For transient expression by microparticle bombardment, the chloroplast targeting sequence RC2 (Shen et al., 2017) and sequence for the plasma membrane‐localized protein OsPIP2.1 (Dangol et al., 2017) were domesticated for the Golden Gate cloning system and synthesized. Level 1 modules were assembled through ligation of the ZmUBIQUITIN or OsACT1 promoter sequence (Cornejo, Luth, Blankenship, Anderson, & Blechl, 1993; McElroy, Zhang, Cao, & Wu, 1990); the coding sequence for mTurquoise2 or mNeonGreen; the nuclear, chloroplast, or plasma membrane targeting sequence; and the NOS or CaMV35S terminator sequence. Microparticle bombardment was performed using the Level 1 modules assembled into the Level 2 binary vector pICSL4723. Assembly of the GUS reporter construct used for microparticle bombardment has been described previously (Brown et al., 2011).

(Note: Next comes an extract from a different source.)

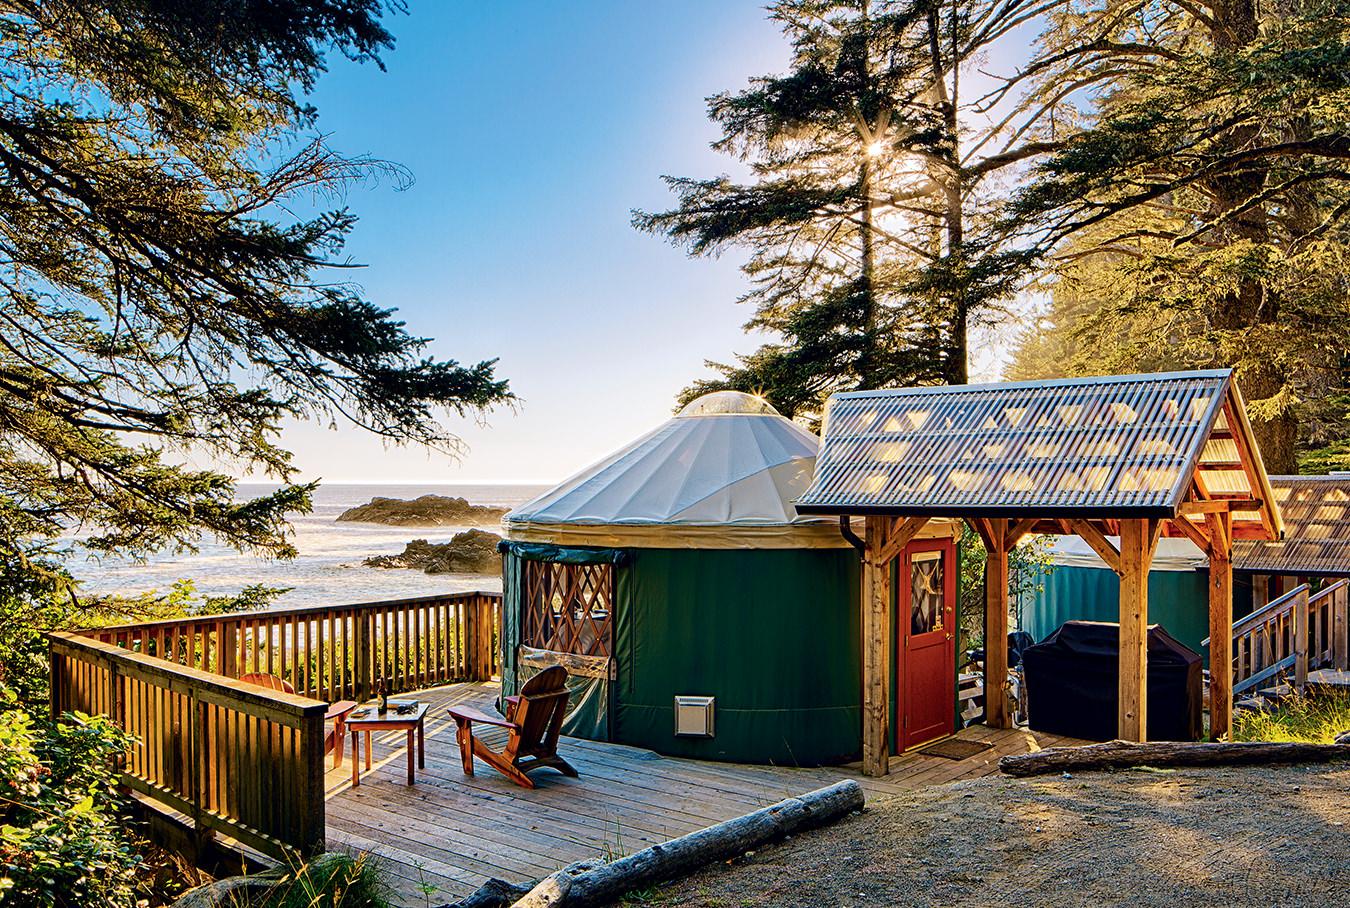 MONTECRISTO Magazine: Wya Point Resort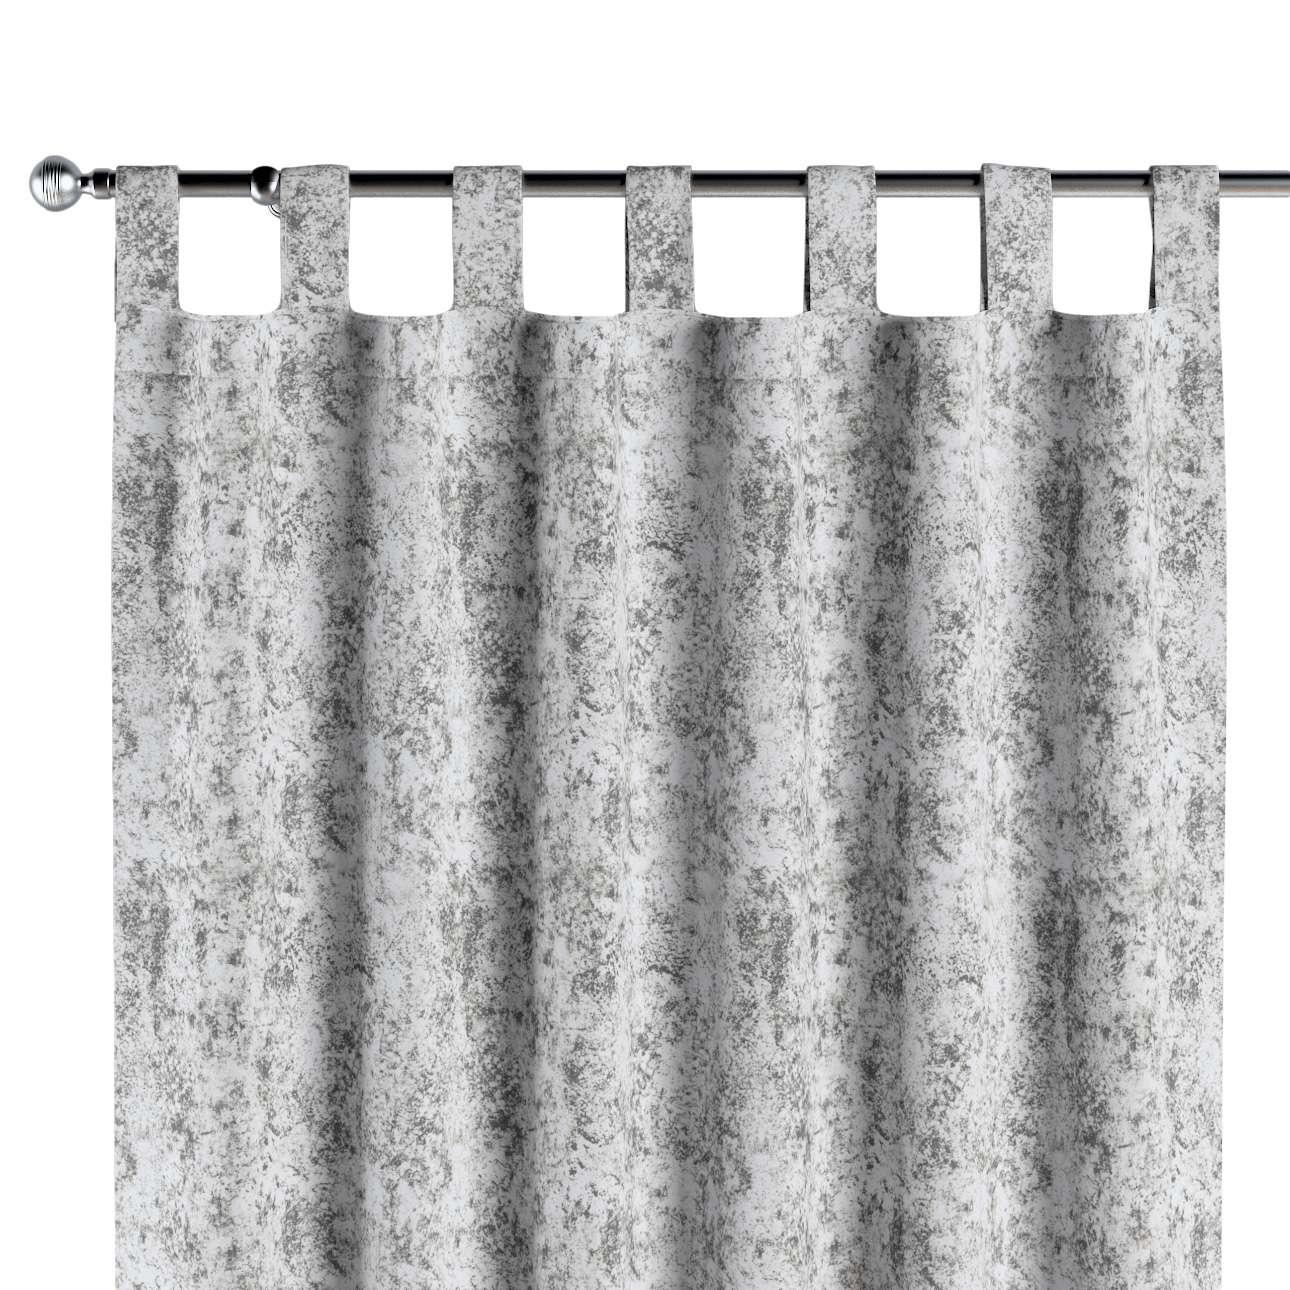 Zasłona na szelkach 1 szt. w kolekcji Velvet, tkanina: 704-49

Stable transformation of rice

Oryza sativa spp. japonica cultivar Kitaake was transformed using Agrobacterium tumefaciens as described previously (Hiei & Komari, 2008) with several modifications. Seeds were de‐husked and sterilized with 10% (v/v) bleach for 15 min. Seeds were placed on nutrient broth (NB) callus induction medium containing 2 mg/L 2,4‐dichlorophenoxyacetic acid for 3 to 4 weeks at 28°C in the dark. Actively growing calli were co‐incubated with transformed A. tumefaciens strain LBA4404 in NB inoculation medium containing 40 μg/ml acetosyringone for 3 days at 22°C in the dark. Calli were transferred to NB recovery medium containing 300 mg/L timentin for 1 week at 28°C in the dark then to NB selection medium containing 35 mg/L hygromycin B for 4 weeks at 28°C in the dark. Proliferating calli were subsequently transferred to NB regeneration medium (containing 100 mg/L myo‐inositol, 2 mg/L kinetin, 0.2 mg/L 1‐naphthaleneacetic acid, and 0.8 mg/L 6‐benzylaminopurine) for 4 weeks at 28°C in the light. Plantlets were then transferred to NB rooting medium containing 0.1 mg/L 1‐naphthaleneacetic acid and incubated in Magenta pots for 2 weeks at 28°C in the light. Finally, plants were transferred to a 1:1 mixture of topsoil and sand and grown in a greenhouse under natural light supplemented with a minimum light intensity of 390 μmol m−2 s−1, with 60% humidity, temperatures of 28°C and 23°C during the day and night, respectively, and a photoperiod of 12‐hr light and 12‐hr dark.

Microparticle bombardment

Oryza sativa spp. japonica cultivar Kitaake was used for transient transformation of leaf and root cells by microparticle bombardment. Seeds were de‐husked prior to sterilization in 5% (v/v) bleach containing 0.5% (v/v) Tween‐20 for 30 min. Seeds were placed on half strength Murashige and Skoog (MS) medium containing 0.8% (w/v) agar and 1% (w/v) sucrose, and germinated in the dark at 28°C. Seedlings were grown in the dark at 28°C for 12 to 16 days and leaf 2 (of 12‐day‐old seedlings), leaf 3 (of 16‐day‐old seedlings), or roots (of 12‐day‐old seedlings) used for microparticle bombardment.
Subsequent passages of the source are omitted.